Henrietta laughed, and now she embraced Walther. She had lost all modesty. “An
d Walther, if Papa doesn’t make you a violinist with the Munich orchestra, I shall see to it that you are offered a post with the Rochester Symphony.”
Every member of the family now spoke at once. The sheer joy Henrietta radiated overcame them all. A half hour later she got up. “I have to get ready for dinner. He is sending a coach for me at 1930.”
She walked coquettishly to the staircase and bounded up to the second floor. Walther, violin in hand, said he would go off to the practice room. He called up to her. “Henri, I love you!”
Erik and Christa sat opposite each other. The newspaper, abandoned, rested on her lap. Erik rose and tinkered with the embers.

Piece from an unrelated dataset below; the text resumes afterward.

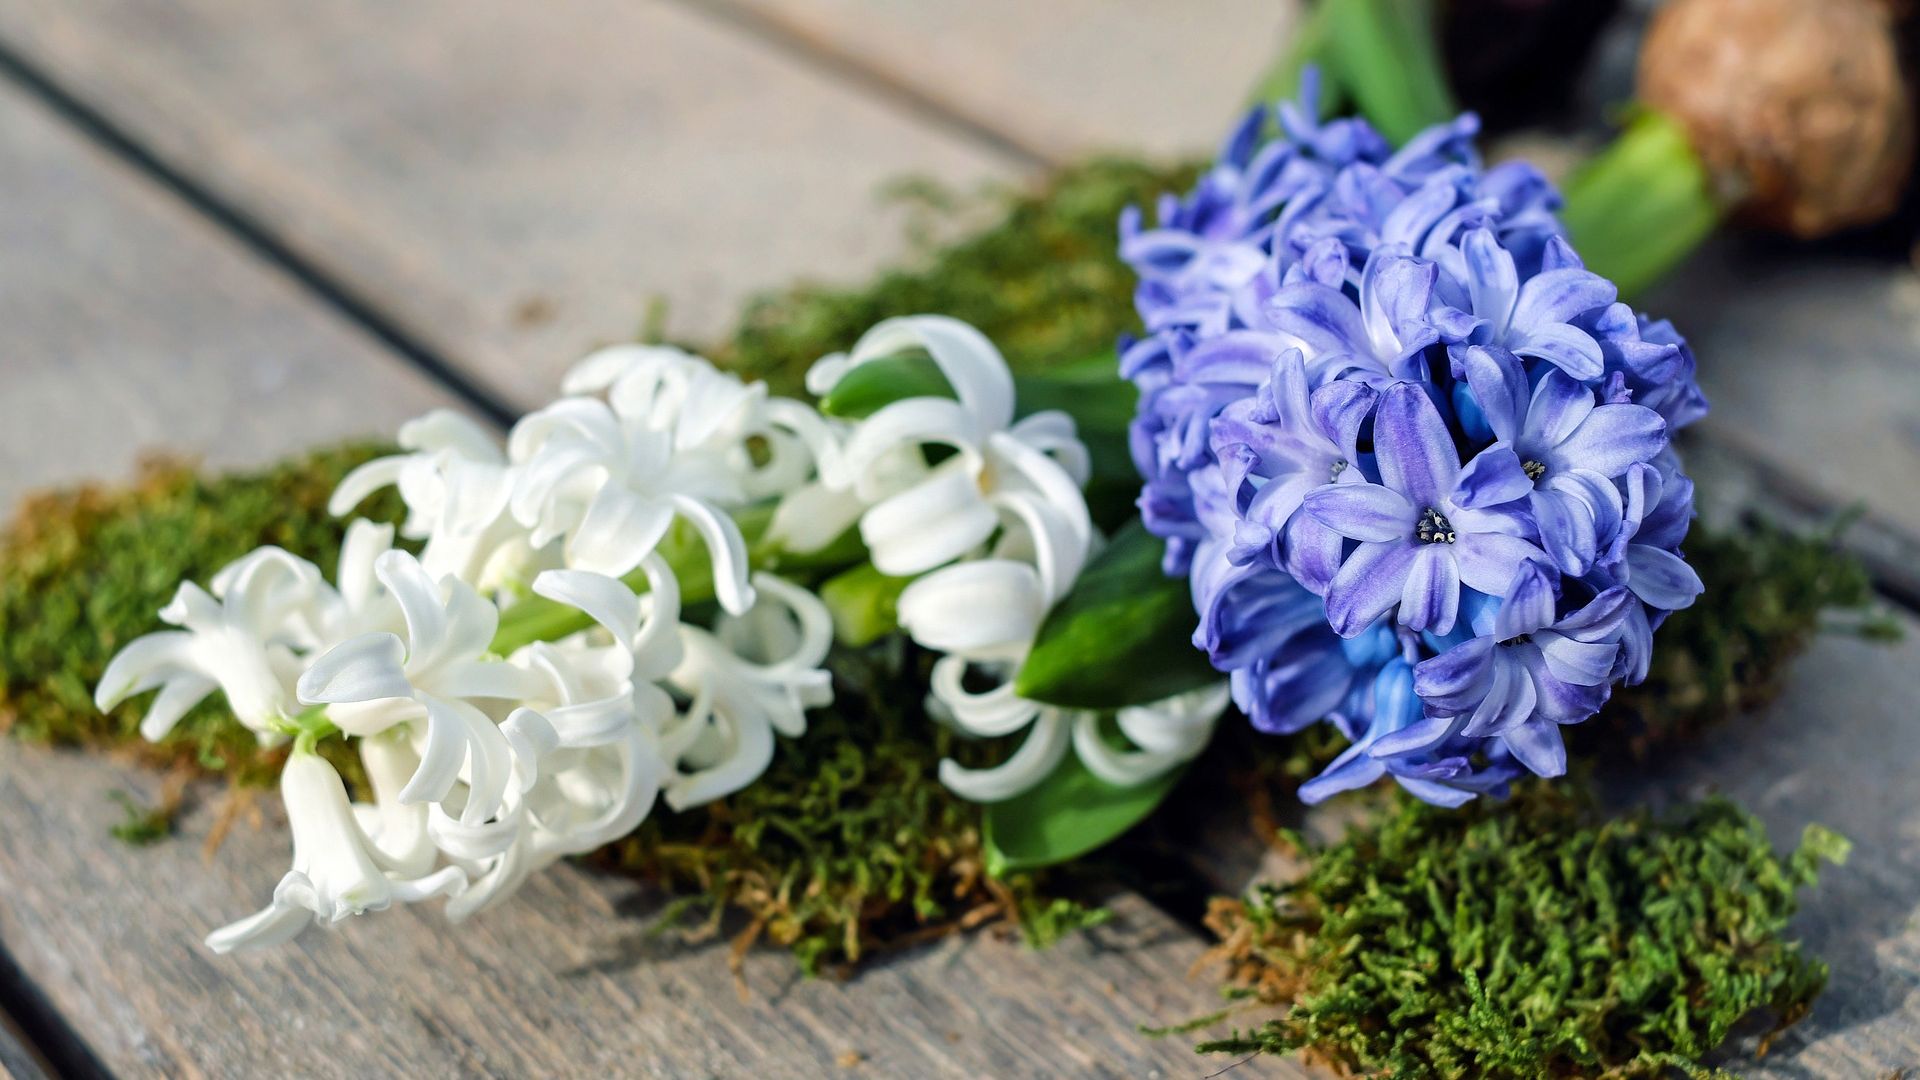 Wallpaper Hyacinth, white & purple flowers

He hesitated, then reached for a fresh log and placed it on the faltering fire.
Christa blew her nose into her handkerchief.
Herr Leddihn sat back down in his chair. “We must try to stop it, Christa.”
“Why?”
“Alois Steiner is a Jew.”
Chapter Seven
At sea, September 1939
Every morning on the Europa when the message center opened, Annabelle Reinhard was there waiting for the passenger telegrams to be sorted out. On the midnight of the departure, as the great ship began to pull away from the dock, she had been vexed that Axel wasn’t at her side, with Sebastian, to hear the orchestra playing, view the crowds waving, and join with what seemed a thousand people leaning over the ship rails, some laughing with excitement, some teary, some ending a vacation in Europe, some — like the Reinhards — off to a vacation in America. When the champagne tray passed by she took one glass and handed it to Sebastian (“He’ll hold it for my husband,” she reassured the steward; “he’ll be right along”) and took another for herself. Minutes after the ship was released from land, impatience overcame her. Sebastian, taken by the excitement, was waving to the slowly receding crowd on shore, adopting one after another from the hundred-odd who crowded the balcony above the wharf as target of his exuberant leave-taking.